TASK GOAL
Nothing but the lines from the start of the records below through the line that has "Der Mann kletterte" should appear, each exactly as given.

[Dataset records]
=== Begin Enclosure ===

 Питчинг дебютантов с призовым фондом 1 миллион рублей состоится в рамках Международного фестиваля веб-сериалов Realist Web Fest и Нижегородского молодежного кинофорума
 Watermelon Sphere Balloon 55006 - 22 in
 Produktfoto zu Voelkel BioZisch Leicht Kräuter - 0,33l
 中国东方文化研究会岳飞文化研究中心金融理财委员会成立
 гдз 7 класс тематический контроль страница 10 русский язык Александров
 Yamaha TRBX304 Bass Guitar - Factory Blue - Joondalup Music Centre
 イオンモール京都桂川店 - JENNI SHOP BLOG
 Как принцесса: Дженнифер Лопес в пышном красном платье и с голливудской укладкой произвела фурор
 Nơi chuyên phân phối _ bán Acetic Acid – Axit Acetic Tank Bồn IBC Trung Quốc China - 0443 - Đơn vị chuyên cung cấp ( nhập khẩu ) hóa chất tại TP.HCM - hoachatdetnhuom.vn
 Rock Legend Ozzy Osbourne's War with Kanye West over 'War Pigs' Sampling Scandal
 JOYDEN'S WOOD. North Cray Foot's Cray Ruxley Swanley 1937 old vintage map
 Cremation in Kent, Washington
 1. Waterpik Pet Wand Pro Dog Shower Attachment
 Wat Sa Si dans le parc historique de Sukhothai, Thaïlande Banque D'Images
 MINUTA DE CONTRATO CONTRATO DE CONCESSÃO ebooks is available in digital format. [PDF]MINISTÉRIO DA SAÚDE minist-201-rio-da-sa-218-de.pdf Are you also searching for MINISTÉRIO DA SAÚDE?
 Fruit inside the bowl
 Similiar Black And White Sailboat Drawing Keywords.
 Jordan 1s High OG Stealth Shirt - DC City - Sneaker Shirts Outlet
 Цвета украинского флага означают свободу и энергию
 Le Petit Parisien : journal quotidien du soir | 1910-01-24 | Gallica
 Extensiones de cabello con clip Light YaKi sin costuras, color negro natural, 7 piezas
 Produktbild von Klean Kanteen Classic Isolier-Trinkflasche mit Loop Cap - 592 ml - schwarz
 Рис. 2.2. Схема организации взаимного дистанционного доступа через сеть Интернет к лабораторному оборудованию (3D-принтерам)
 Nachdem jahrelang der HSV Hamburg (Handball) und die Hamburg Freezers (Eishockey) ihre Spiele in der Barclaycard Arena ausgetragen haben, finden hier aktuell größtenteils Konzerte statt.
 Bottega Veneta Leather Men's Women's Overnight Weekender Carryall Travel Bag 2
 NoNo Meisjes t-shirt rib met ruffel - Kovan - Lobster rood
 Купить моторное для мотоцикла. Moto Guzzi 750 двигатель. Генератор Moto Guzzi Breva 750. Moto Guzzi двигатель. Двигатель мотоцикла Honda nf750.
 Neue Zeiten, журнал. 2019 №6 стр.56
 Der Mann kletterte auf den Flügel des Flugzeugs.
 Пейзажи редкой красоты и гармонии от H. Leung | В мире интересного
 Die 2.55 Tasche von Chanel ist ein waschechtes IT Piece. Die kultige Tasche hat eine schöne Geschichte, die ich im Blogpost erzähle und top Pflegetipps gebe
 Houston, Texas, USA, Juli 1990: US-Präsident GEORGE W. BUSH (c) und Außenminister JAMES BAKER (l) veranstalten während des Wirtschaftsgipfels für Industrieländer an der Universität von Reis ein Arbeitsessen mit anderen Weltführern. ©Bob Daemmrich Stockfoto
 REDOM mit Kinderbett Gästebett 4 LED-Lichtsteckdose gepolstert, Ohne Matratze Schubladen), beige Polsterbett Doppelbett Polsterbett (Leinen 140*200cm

=== End Enclosure ===

WRITTEN REPLY
 Питчинг дебютантов с призовым фондом 1 миллион рублей состоится в рамках Международного фестиваля веб-сериалов Realist Web Fest и Нижегородского молодежного кинофорума
 Watermelon Sphere Balloon 55006 - 22 in
 Produktfoto zu Voelkel BioZisch Leicht Kräuter - 0,33l
 中国东方文化研究会岳飞文化研究中心金融理财委员会成立
 гдз 7 класс тематический контроль страница 10 русский язык Александров
 Yamaha TRBX304 Bass Guitar - Factory Blue - Joondalup Music Centre
 イオンモール京都桂川店 - JENNI SHOP BLOG
 Как принцесса: Дженнифер Лопес в пышном красном платье и с голливудской укладкой произвела фурор
 Nơi chuyên phân phối _ bán Acetic Acid – Axit Acetic Tank Bồn IBC Trung Quốc China - 0443 - Đơn vị chuyên cung cấp ( nhập khẩu ) hóa chất tại TP.HCM - hoachatdetnhuom.vn
 Rock Legend Ozzy Osbourne's War with Kanye West over 'War Pigs' Sampling Scandal
 JOYDEN'S WOOD. North Cray Foot's Cray Ruxley Swanley 1937 old vintage map
 Cremation in Kent, Washington
 1. Waterpik Pet Wand Pro Dog Shower Attachment
 Wat Sa Si dans le parc historique de Sukhothai, Thaïlande Banque D'Images
 MINUTA DE CONTRATO CONTRATO DE CONCESSÃO ebooks is available in digital format. [PDF]MINISTÉRIO DA SAÚDE minist-201-rio-da-sa-218-de.pdf Are you also searching for MINISTÉRIO DA SAÚDE?
 Fruit inside the bowl
 Similiar Black And White Sailboat Drawing Keywords.
 Jordan 1s High OG Stealth Shirt - DC City - Sneaker Shirts Outlet
 Цвета украинского флага означают свободу и энергию
 Le Petit Parisien : journal quotidien du soir | 1910-01-24 | Gallica
 Extensiones de cabello con clip Light YaKi sin costuras, color negro natural, 7 piezas
 Produktbild von Klean Kanteen Classic Isolier-Trinkflasche mit Loop Cap - 592 ml - schwarz
 Рис. 2.2. Схема организации взаимного дистанционного доступа через сеть Интернет к лабораторному оборудованию (3D-принтерам)
 Nachdem jahrelang der HSV Hamburg (Handball) und die Hamburg Freezers (Eishockey) ihre Spiele in der Barclaycard Arena ausgetragen haben, finden hier aktuell größtenteils Konzerte statt.
 Bottega Veneta Leather Men's Women's Overnight Weekender Carryall Travel Bag 2
 NoNo Meisjes t-shirt rib met ruffel - Kovan - Lobster rood
 Купить моторное для мотоцикла. Moto Guzzi 750 двигатель. Генератор Moto Guzzi Breva 750. Moto Guzzi двигатель. Двигатель мотоцикла Honda nf750.
 Neue Zeiten, журнал. 2019 №6 стр.56
 Der Mann kletterte auf den Flügel des Flugzeugs.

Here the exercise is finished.